MCASA in the News: Lawmakers target spouses who drug, rape their partners

May 08th, 2019

When the 17th century English jurist Sir Matthew Hale declared rape could not happen within marriage because wedding vows implied a wife’s ongoing consent to sex, witches were still being burned at the stake. 

Three and a half centuries later, remnants of the so-called “marital rape exemption” or “spousal defense” still exist in most states. Although all 50 states had laws making marital rape a crime by 1993, many states’ marital rape laws have loopholes — not only involving the victim’s capacity to consent, but related to age, relationship, use of force or the nature of the penetration. Some impose short time-frames for victims to report spousal rape. 

Minnesota is the latest state to take action: The state Legislature voted this week to eliminate an exemption that protected spousal rape that occurred when a partner is drugged, unconscious, or otherwise incapacitated. 

In 2019, Maryland Delegate Charlotte Crutchfield introduced a bill to repeal the marital exemption for all sex crimes (House Bill 958). At the bill hearing, one delegate expressed concern about whether striking a spouse on the buttocks would then be a sex crime. (Note that is a crime to strike a spouse, Maryland law just permits marriage to be a defense to sex crimes.) Another raised religious concerns: “If your religion believes if you’re married, two are as one body, then what happens? Can you get a religious exemption?” 

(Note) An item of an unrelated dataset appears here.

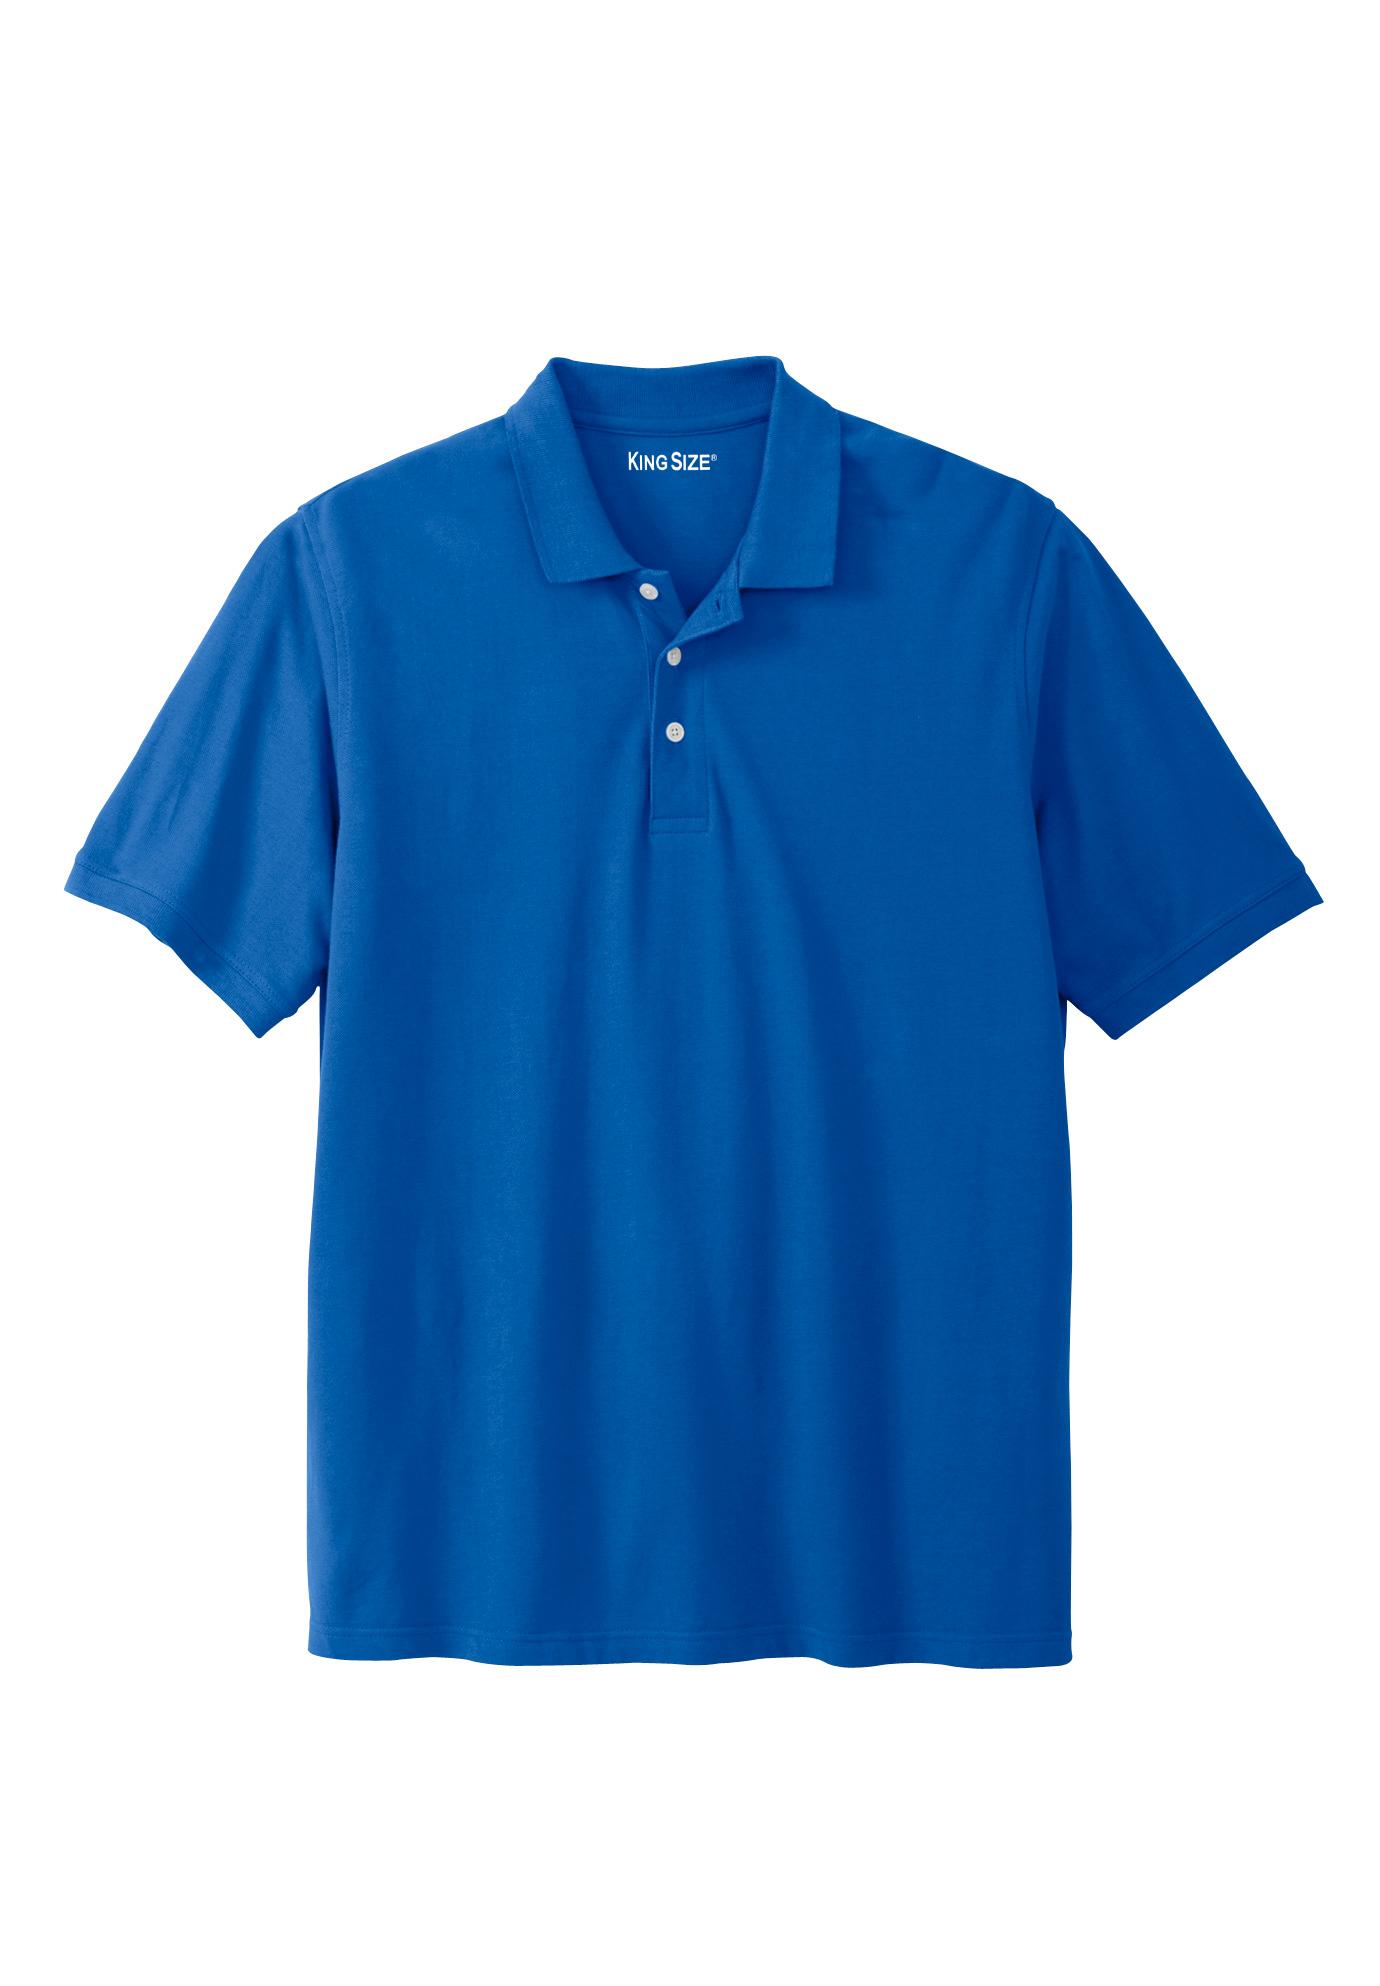 Pique Polo Shirt King Size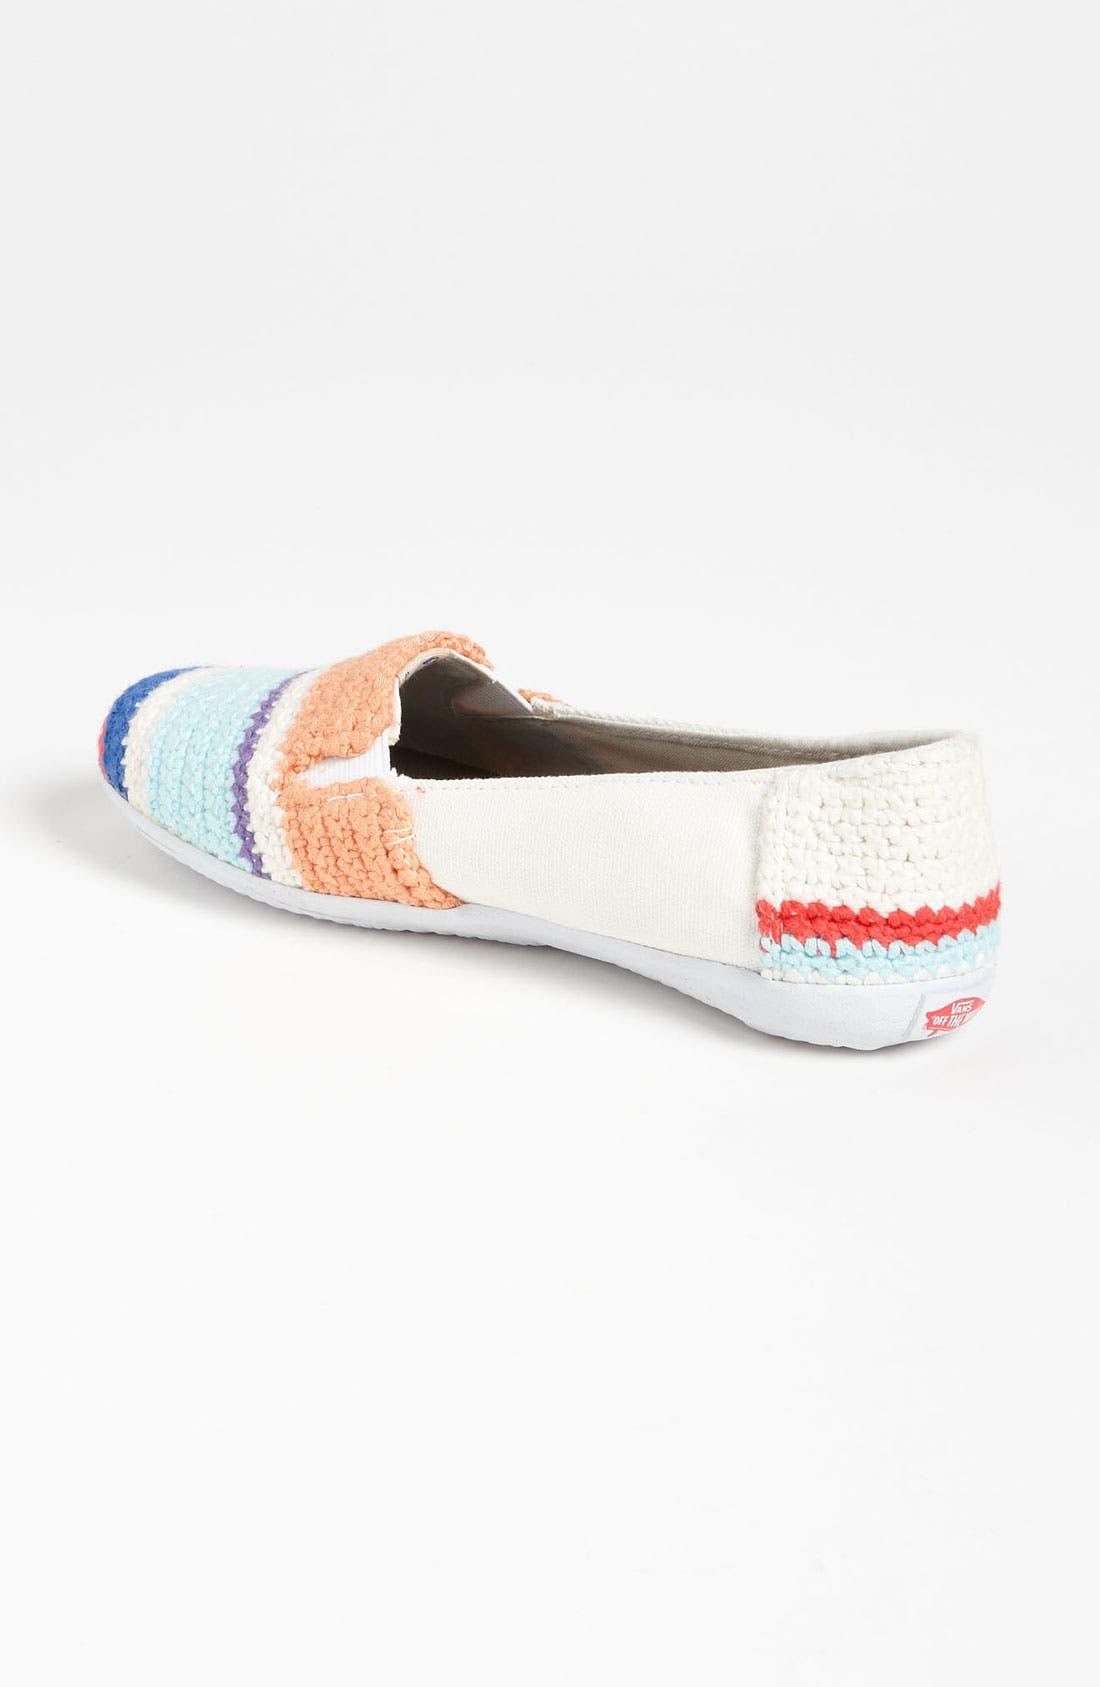 Alternate Image 2  - Vans + Krochet Kids 'Bixie' Crochet Slip-On

MCASA testified in response " would have to rely on your faith and your commitment to that to not bring those charges. But that’s no place for the General Assembly.”  
-Lisae C. Jordan, Executive Director of MCASA

The bill to end the archaic law making marriage a defense to some sex crimes failed this session, but will be reintroduced next year. MCASA will continue to work for justice for Maryland sexual assault survivors by advocating for legislation that won't allow your legal relationship with another human being to permit rape.